Which is how I realized that if I had to do that again, I would remove the helmet first. Makes it easier to breathe. Far easier.

And, some times, all we really need to do is breathe.

2 thoughts on “Chasing dogs with a helmet on or how motorcycle travel is helping me survive these surreal times

  1. Haha – i was wondering where the helmet story would go – well done! Hope to see some more non-legal stuff once in a while 🙂 and I think past recessions have always resulted in people taking a step back and going to school.

    One of my favourite paragraphs from zen and the art of motorcycle maintenance…

    “You see things vacationing on a motorcycle in a way that is completely different from any other. In a car you’re always in a compartment, and because you’re used to it you don’t realize that everything you see is just more TV. You’re a passive observer and it’s all moving by you boringly in a frame.

    On a cycle the frame is gone. You’re completely in contact with it all.

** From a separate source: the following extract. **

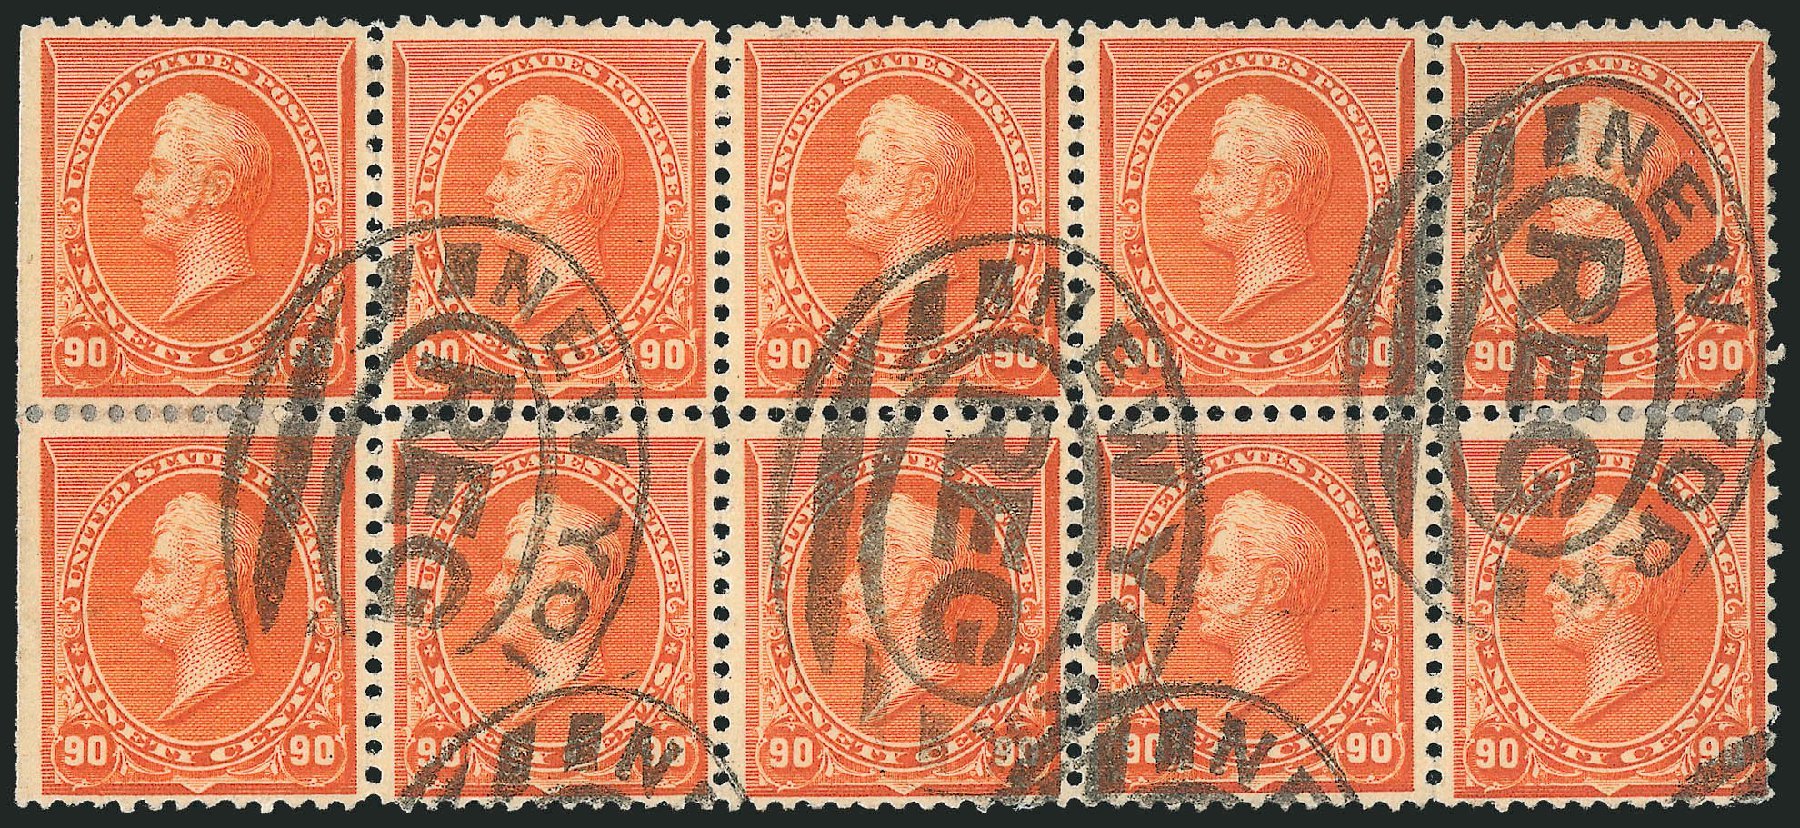 Costs of US Stamp Scott 229: 1890 90c Perry. Robert Siegel Auction Galleries, Nov 2014, Sale 1084, Lot 3520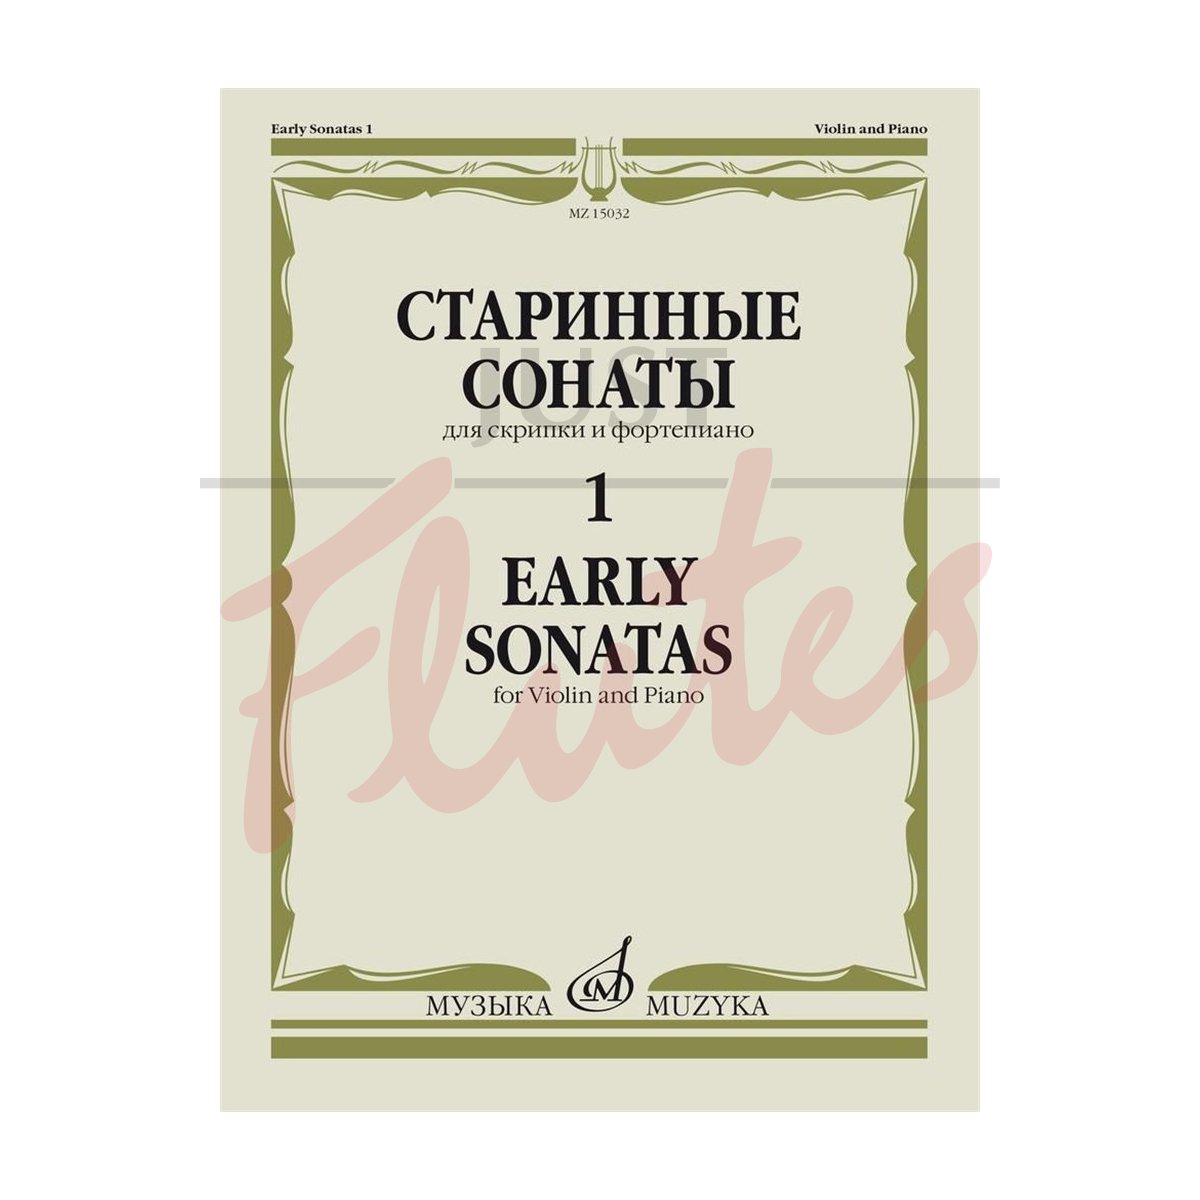 Early Sonatas for Violin and Piano, Volume 1

You’re in the scene, not just watching it anymore, and the sense of presence is overwhelming. That concrete whizz ing by five inches below your foot is the real thing, the same stuff you walk on, it’s right there, so blurred you can’t focus on it, yet you can put your foot down and touch it anytime…”

    1. Thanks Jason! Coincidentally, this column was largely inspired by Zen and the art…, that is a such a great quote.